Sent from my SM-G900V using Tapatalk


----------



## Handle Bar Hoarder (Sep 18, 2016)

redman007 said:


> Usually, the best thing about Craigslist is both the buyer and seller  are worried about getting robbed by each other...
> 
> Sent from my SM-G900V using Tapatalk



that,s tru


----------



## Evans200 (Sep 18, 2016)

I grew up in Detroit. I used to be proud to say that. Not any more, not for a long time. It's a shame because of all the positive things that the city is doing to rebound and rebuild. But there is a rotten core element that may never go away, and this Craigslist incident is one of MANY just like it. I'm sure other big cities have the same problem. What you have to realize if/when you brave it up to go there on one of these deals is that you're not only entering a danger zone, you're entering a whole different civilization where there is no law, no police, no common sense, and no sympathy or value of human life.
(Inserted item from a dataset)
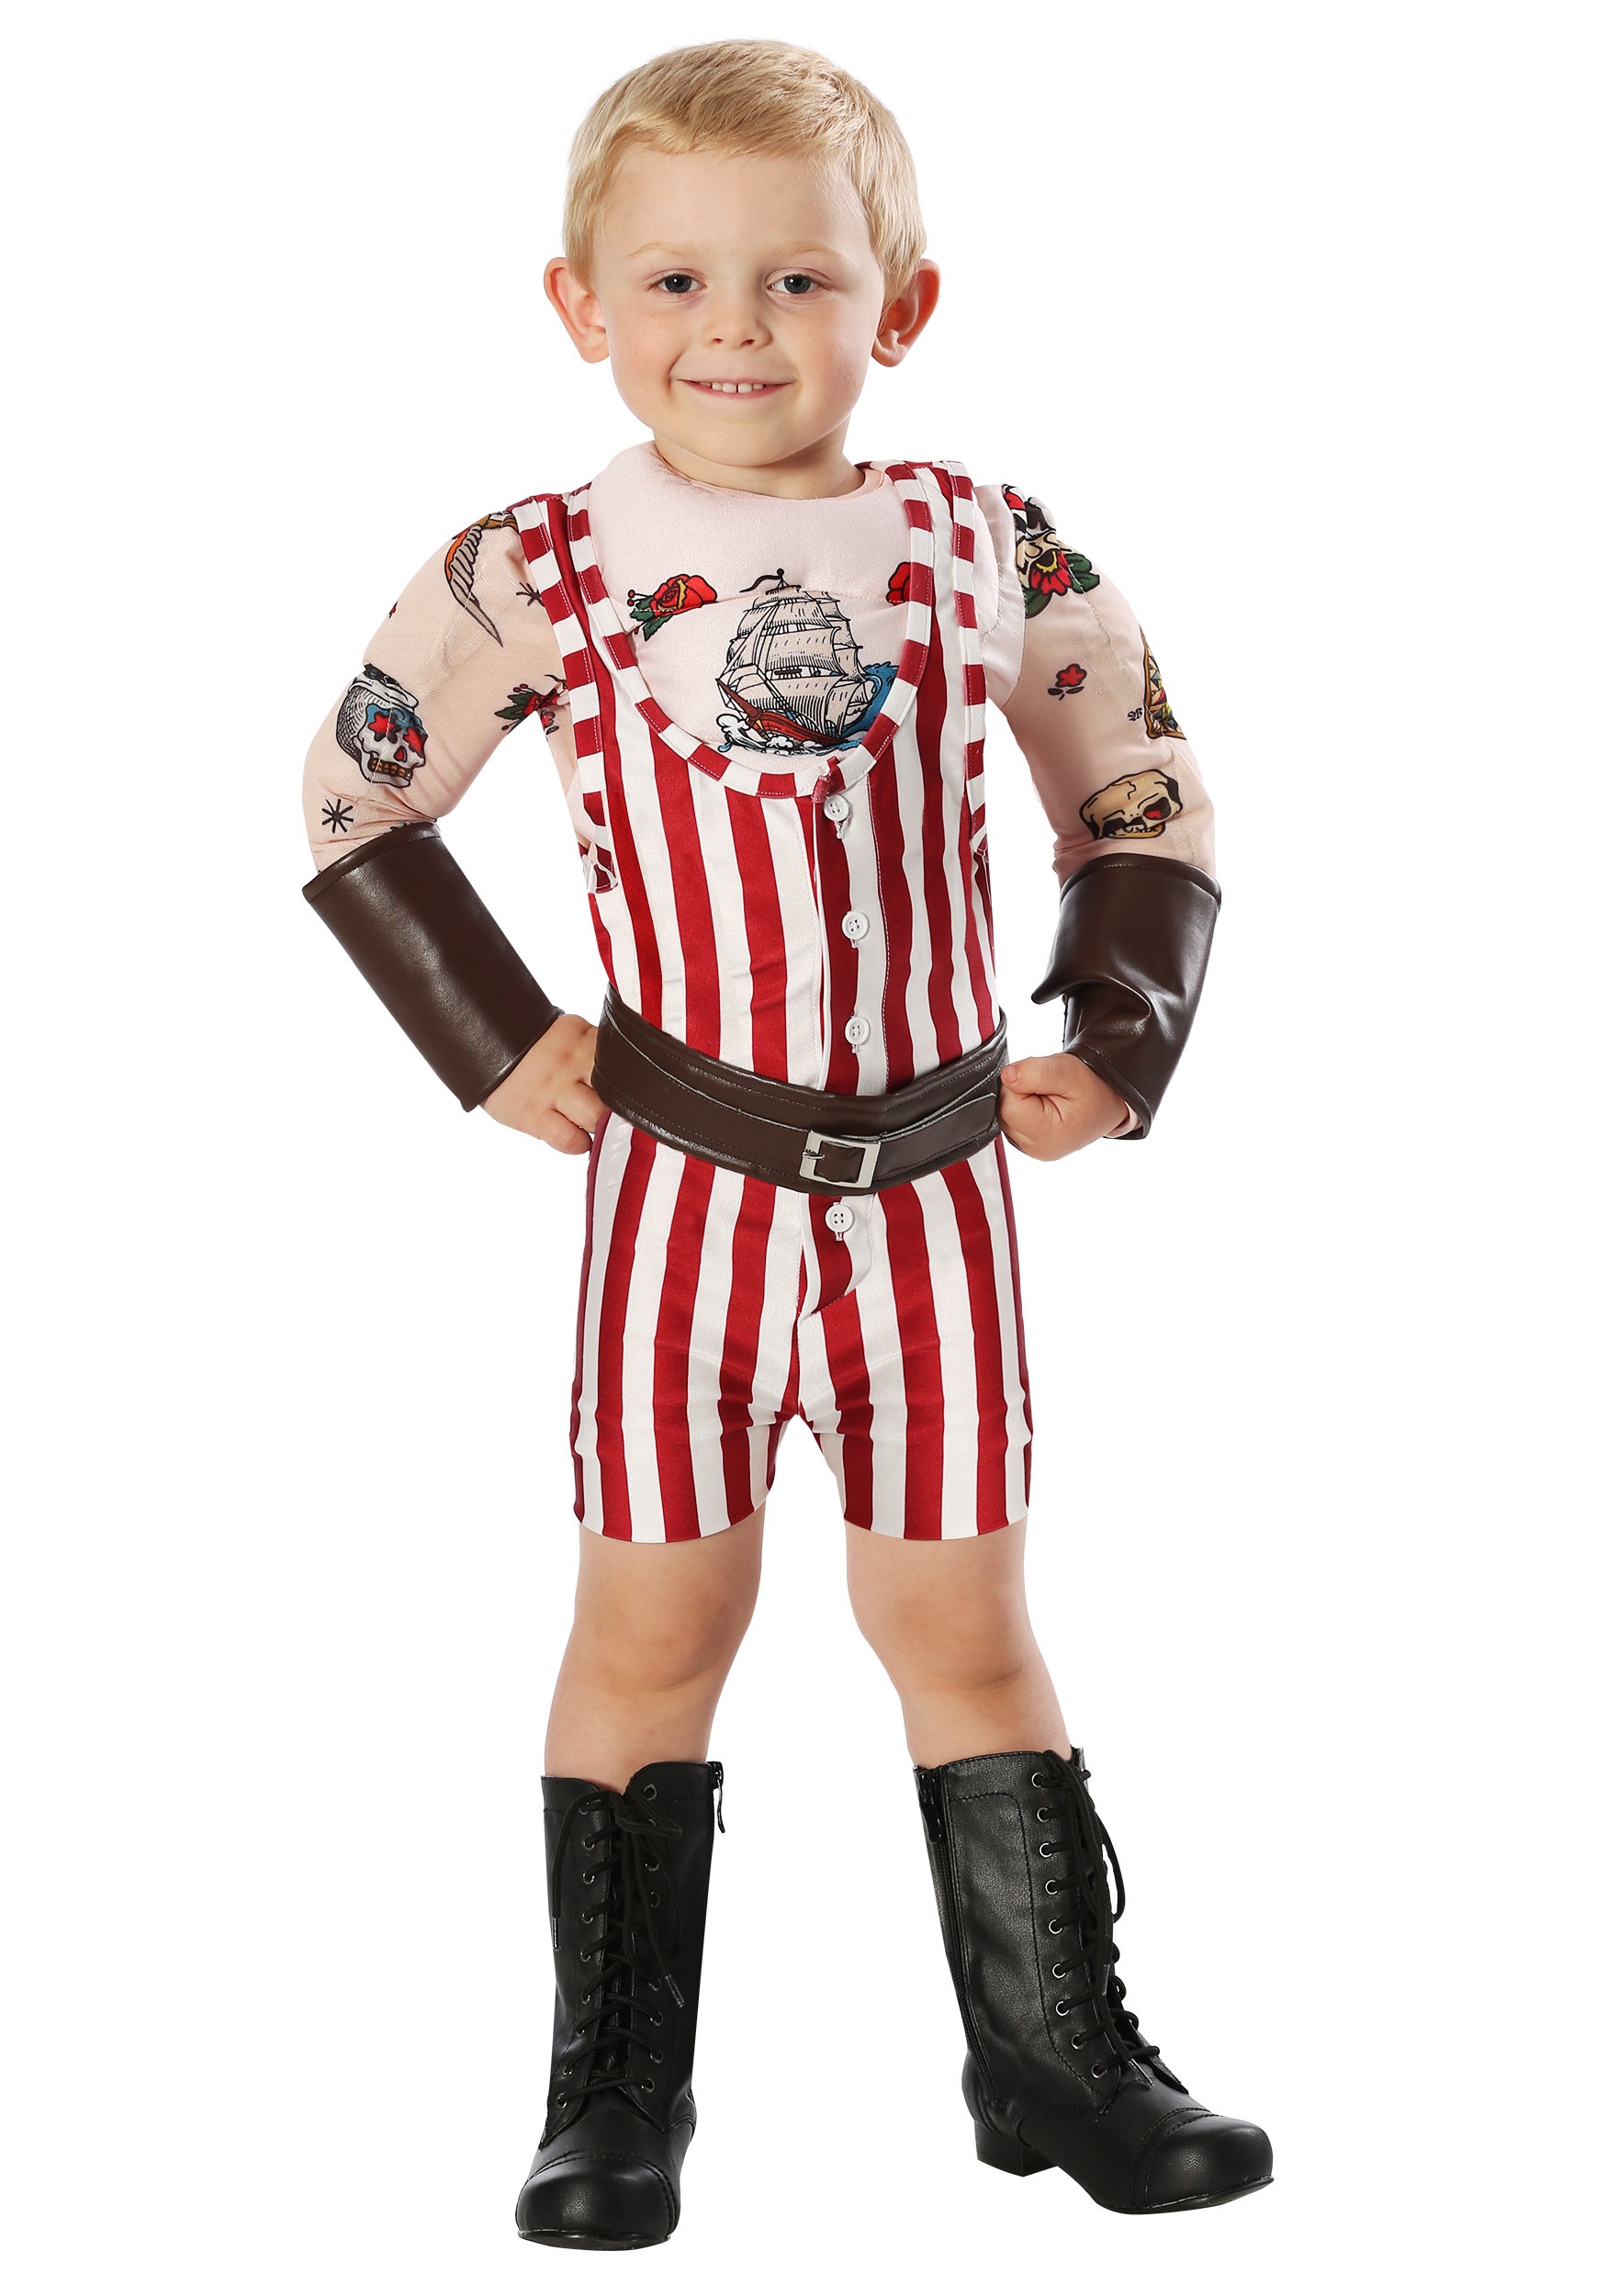 Photos - Fancy Dress Vintage FUN Costumes  Strongman Costume for Toddlers Black/Red/Whit

Detroit is like a port of call when you're on a cruise. They tell you to stay on this street and that street when you shop and eat. And don't venture or wander off or you may not make it back on the ship. That's Detroit. You got downtown, and.........."everywhere else"


----------



## Kato (Sep 18, 2016)

Great post........perfect reason to carry legally. Way too many scum bags these days looking to take advatgae of normal folks.
Thing about scum bags is they usually don't expect somebody else to be smart and ready to protect themselves, especially when carrying cash in a sketchy spot / area.


----------



## Evans200 (Sep 18, 2016)

About 3 years ago. I sold my car on CL. A caller from Detroit asked me to bring the car to him.  Uh.....no. Then he suggested meeting somewhere half way. Uh.....no again. He finally agreed to come to my house and buy the car. No for the third time. I demanded that he meet me at the police station in my town or no deal. Figured that would kill the deal, but he wanted the car and he did it my way. Him and 5 of his pals. All for a beater 97 Crown Vic. Craigslist is almost always an adventure.


----------



## Handle Bar Hoarder (Sep 18, 2016)

Evans200 said:


> About 3 years ago. I sold my car on CL. A caller from Detroit asked me to bring the car to him.  Uh.....no. Then he suggested meeting somewhere half way. Uh.....no again. He finally agreed to come to my house and buy the car. No for the third time. I demanded that he meet me at the police station in my town or no deal. Figured that would kill the deal, but he wanted the car and he did it my way. Him and 5 of his pals. All for a beater 97 Crown Vic. Craigslist is almost always an adventure.



you got that right


----------



## bikeyard (Sep 18, 2016)

HANDLE BAR HORDER said:


> when I go to buy  some thing from C/L like a old car or a big buy you know it,s going to be a cash deal & so do they . I try to bring a friend to back me up or if I think it,s  a bad part of town or at night  I bring my gun you never know :eek::eek::eek:



I'm with you, Im usually packin


----------



## CrazyDave (Sep 18, 2016)

HANDLE BAR HORDER said:


> when I go to buy  some thing from C/L like a old car or a big buy you know it,s going to be a cash deal & so do they . I try to bring a friend to back me up or if I think it,s  a bad part of town or at night  I bring my gun you never know :eek::eek::eek:



Im with you man.  If its sketchy, bring a gun, if its extra sketchy bring a friend with one too.  Be careful out there folks and trust your instincts.


----------



## stoney (Sep 19, 2016)

Of course it is always good to meet in a very public place. The town I moved from in Florida had a police station that would encourage you to come to the station for your Craigslist transactions. The parking lot was always monitored with security cameras for transactions with cars etc. They had an area out  front for small items.


----------



## detroitbike (Sep 19, 2016)

Evans200 said:


> I grew up in Detroit. I used to be proud to say that. Not any more, not for a long time. It's a shame because of all the positive things that the city is doing to rebound and rebuild. But there is a rotten core element that may never go away, and this Craigslist incident is one of MANY just like it. I'm sure other big cities have the same problem. What you have to realize if/when you brave it up to go there on one of these deals is that you're not only entering a danger zone, you're entering a whole different civilization where there is no law, no police, no common sense, and no sympathy or value of human life. Detroit is like a port of call when you're on a cruise. They tell you to stay on this street and that street when you shop and eat. And don't venture or wander off or you may not make it back on the ship. That's Detroit. You got downtown, and.........."everywhere else"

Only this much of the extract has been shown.